*** Opening of EXERCISE DATA ***

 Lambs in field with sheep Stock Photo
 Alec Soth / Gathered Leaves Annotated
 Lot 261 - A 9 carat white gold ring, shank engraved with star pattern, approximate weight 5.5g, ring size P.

*** Close of EXERCISE DATA ***

Reproduce the data above exactly, leaving nothing out.

 Lambs in field with sheep Stock Photo
 Alec Soth / Gathered Leaves Annotated
 Lot 261 - A 9 carat white gold ring, shank engraved with star pattern, approximate weight 5.5g, ring size P.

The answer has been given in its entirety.